*RECORDS SHOWN:*
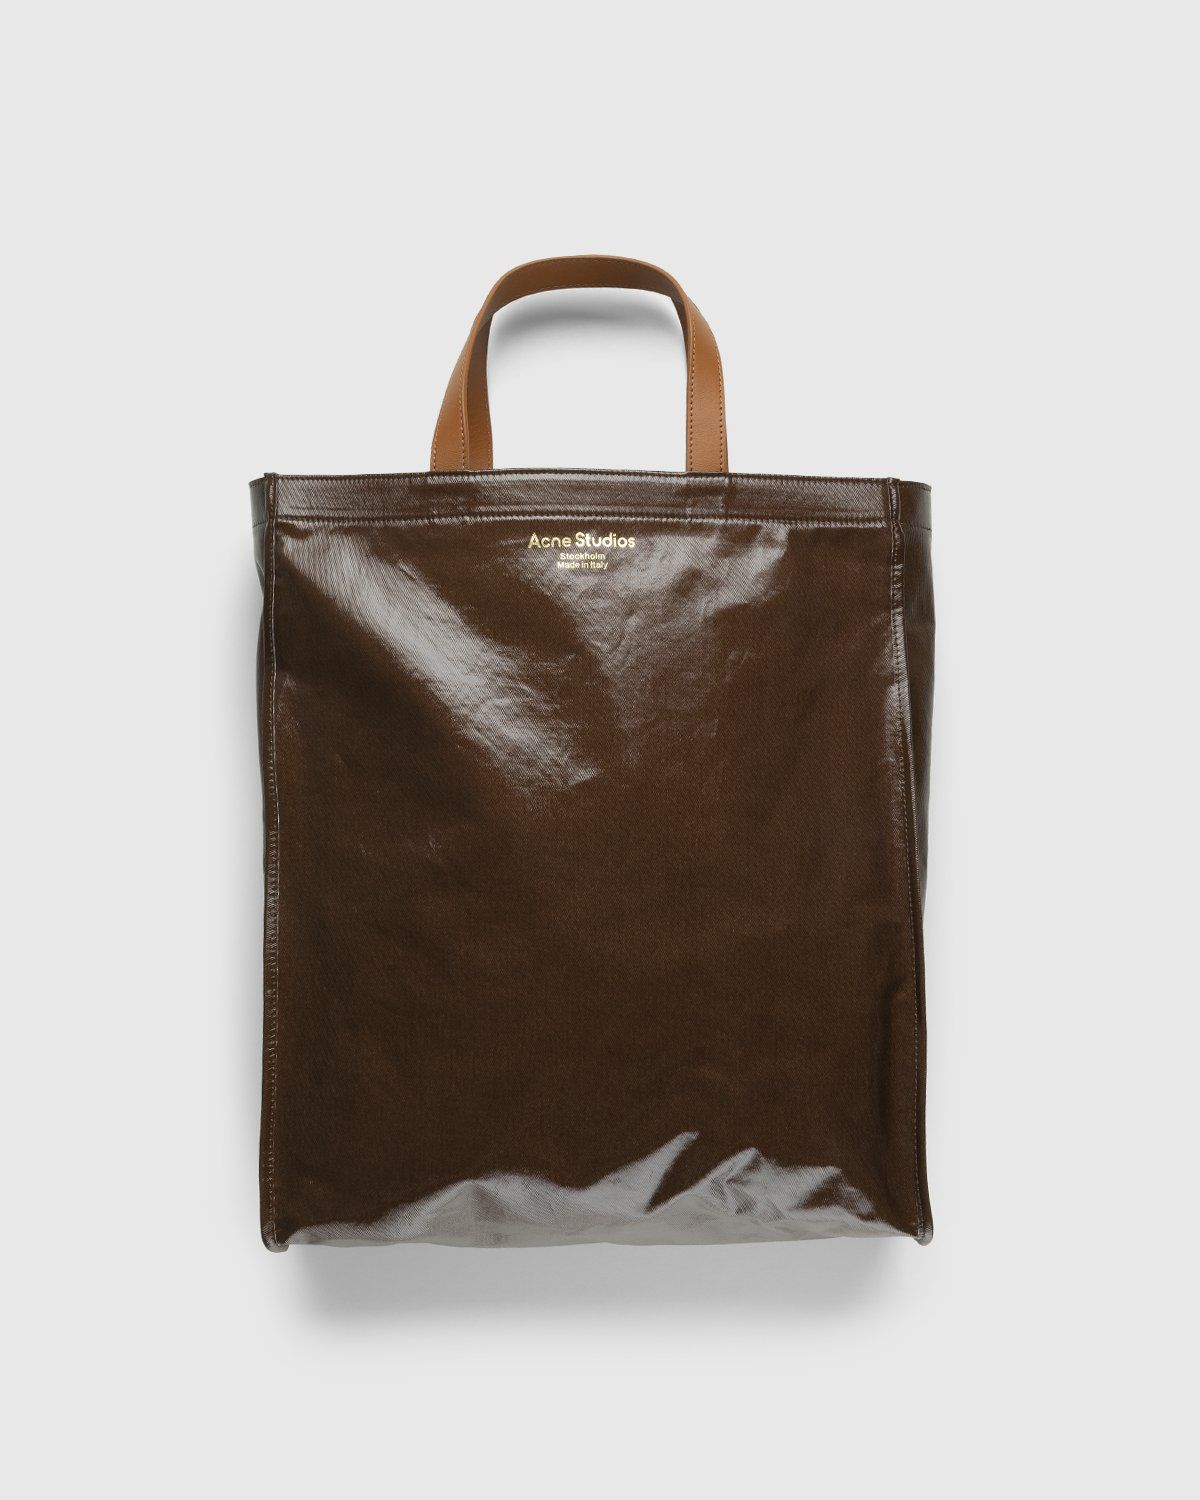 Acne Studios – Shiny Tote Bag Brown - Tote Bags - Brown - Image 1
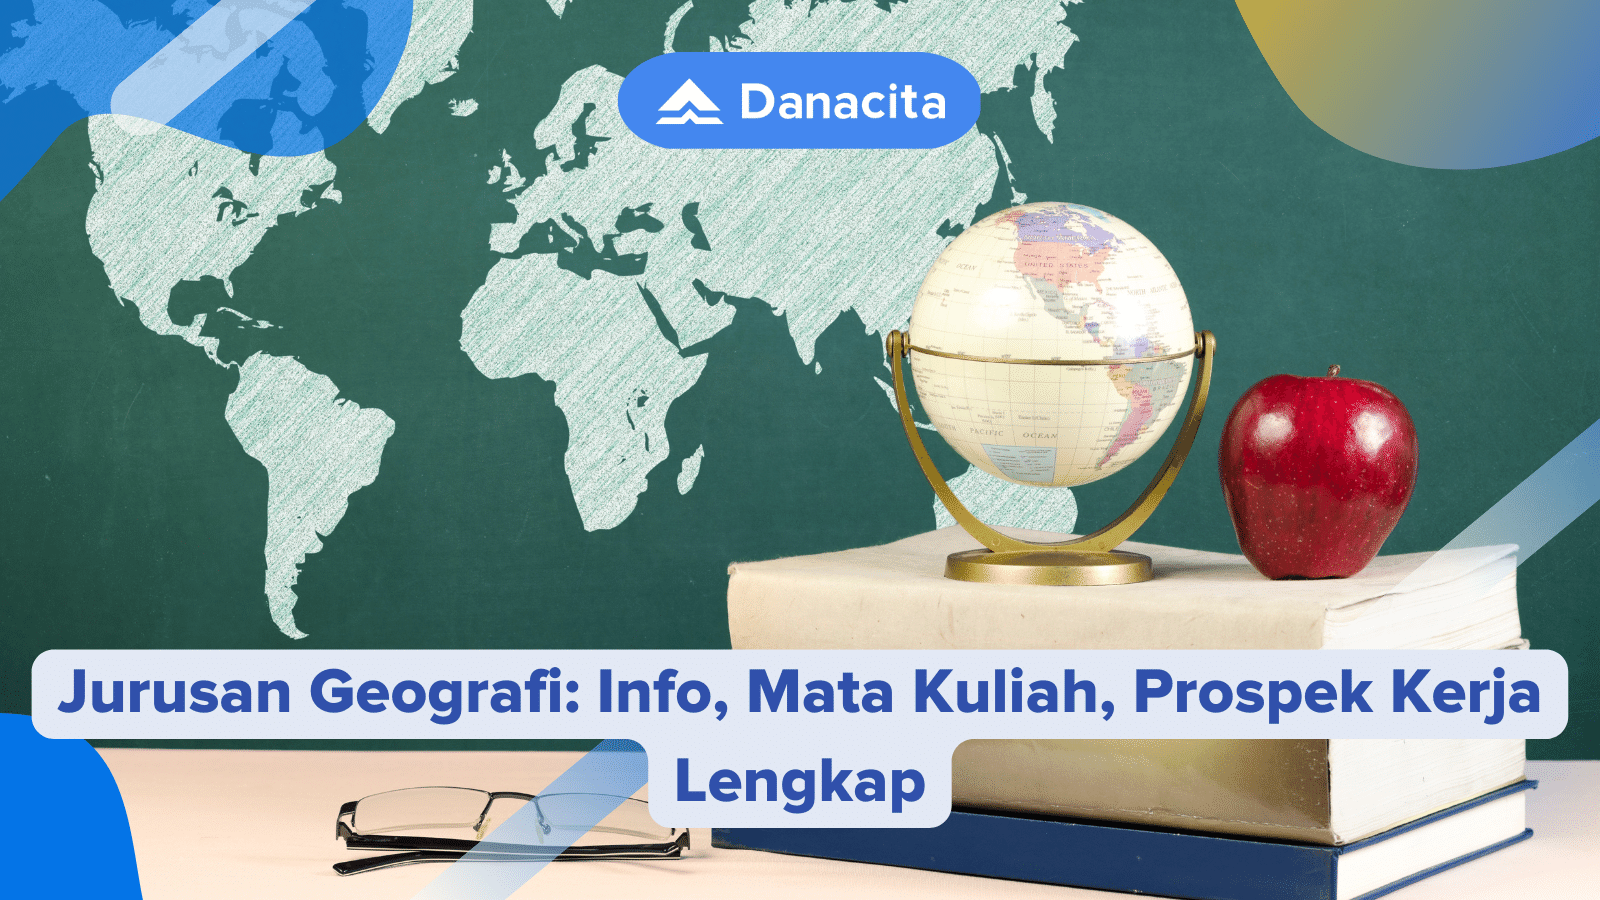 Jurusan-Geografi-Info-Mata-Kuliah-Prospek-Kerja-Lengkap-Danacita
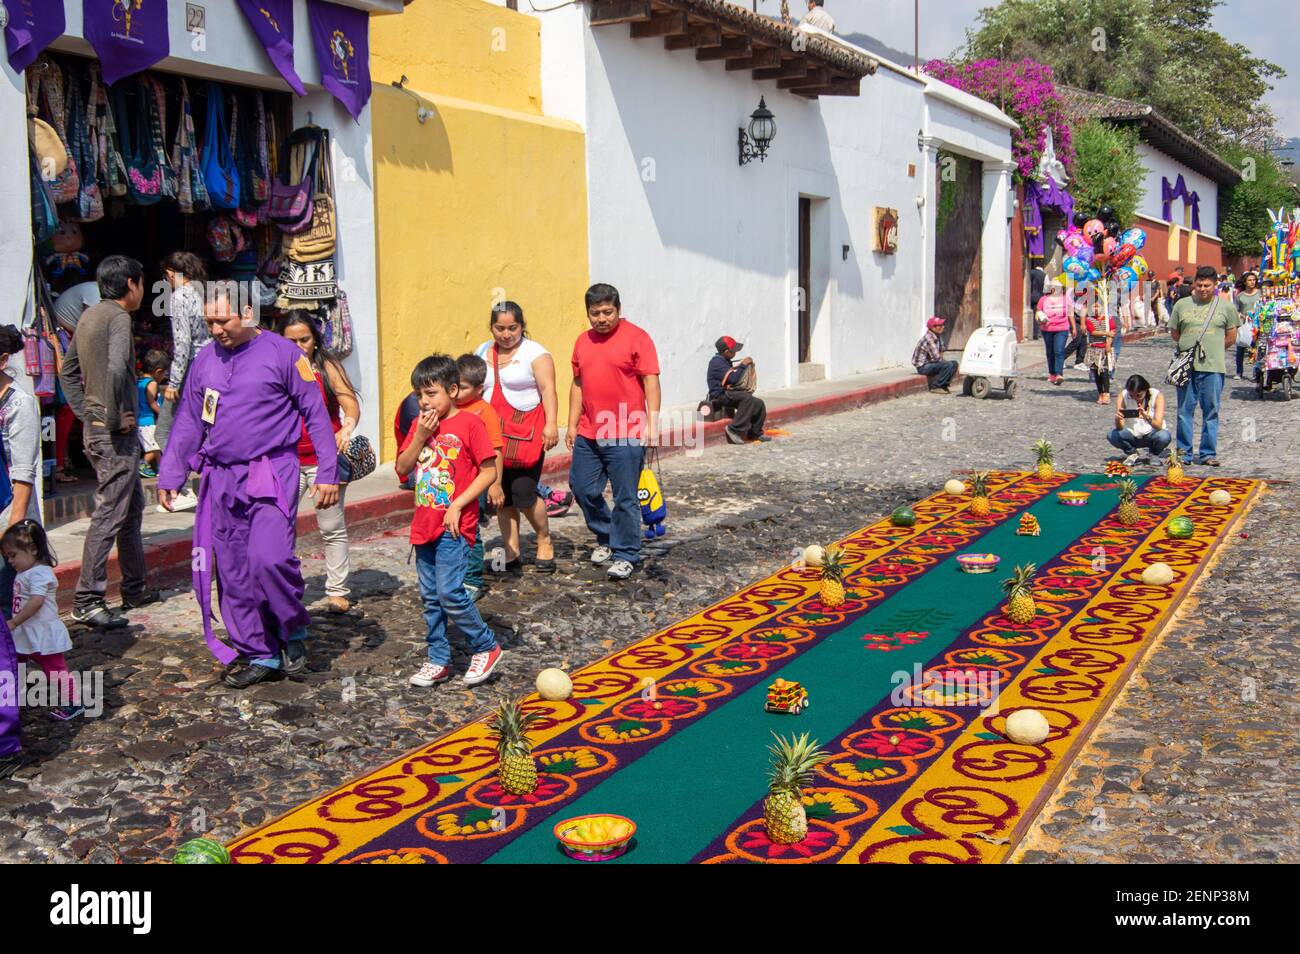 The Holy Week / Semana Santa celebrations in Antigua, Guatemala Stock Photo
--
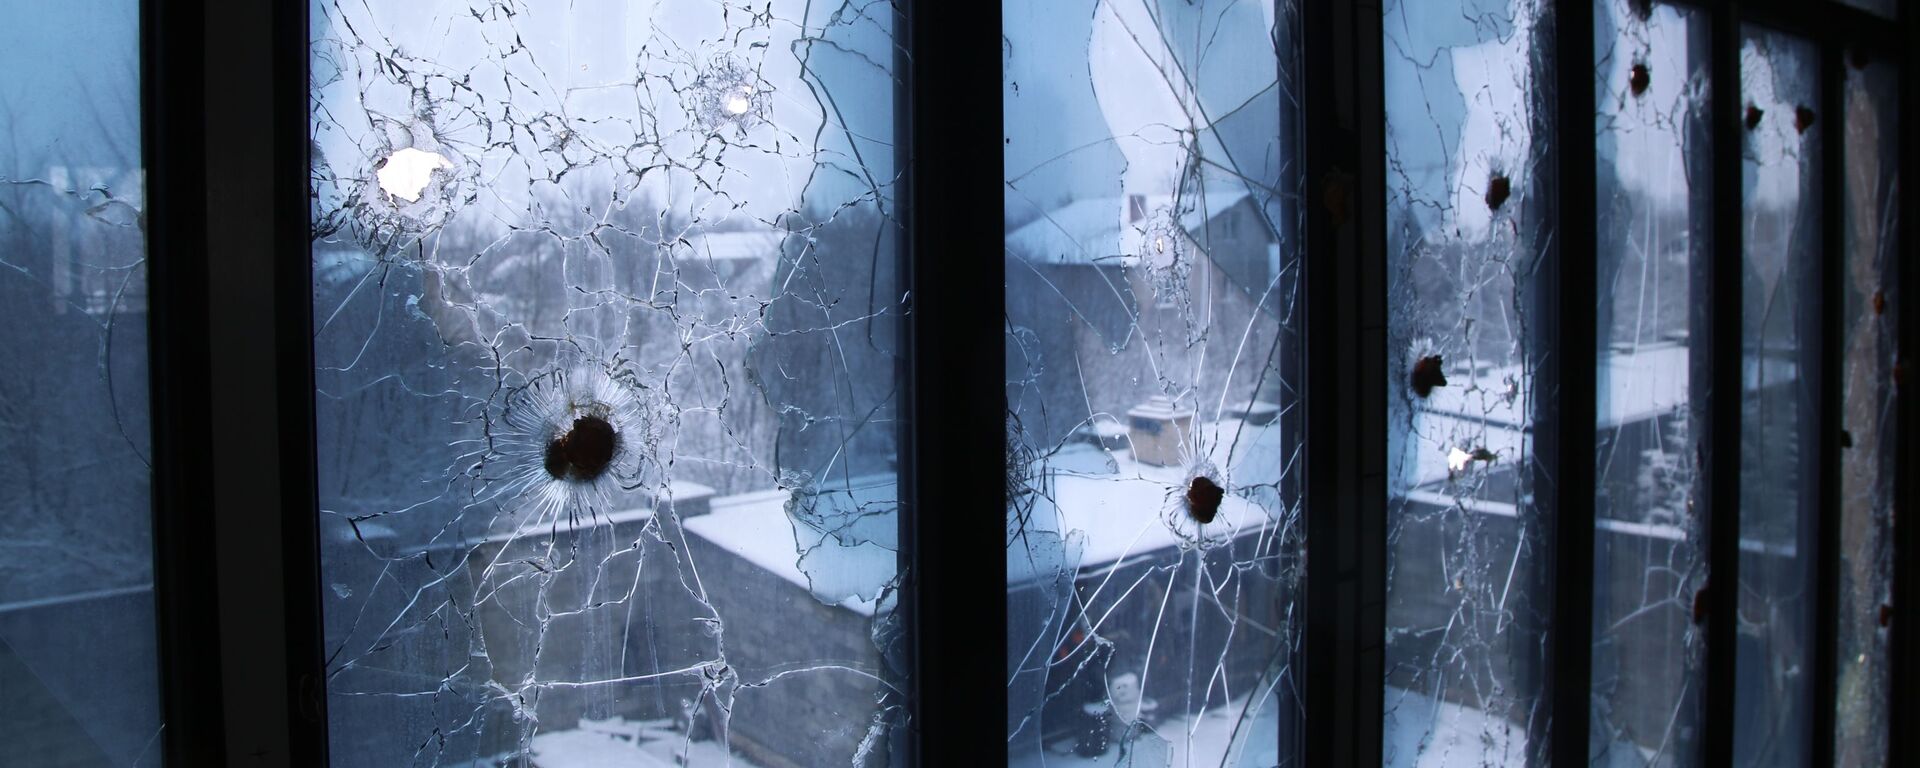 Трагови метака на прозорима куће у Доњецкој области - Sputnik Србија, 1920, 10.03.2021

*WHAT IS BEING ASKED:* Beginning with the line above that has "Acne Studios –" and going on through the line that has "The Holy Week", retype every line exactly and add nothing else; drop the pictures.

*SOLUTION FOR THIS TASK:*
 Acne Studios – Shiny Tote Bag Brown - Tote Bags - Brown - Image 1
 Jurusan-Geografi-Info-Mata-Kuliah-Prospek-Kerja-Lengkap-Danacita
 The Holy Week / Semana Santa celebrations in Antigua, Guatemala Stock Photo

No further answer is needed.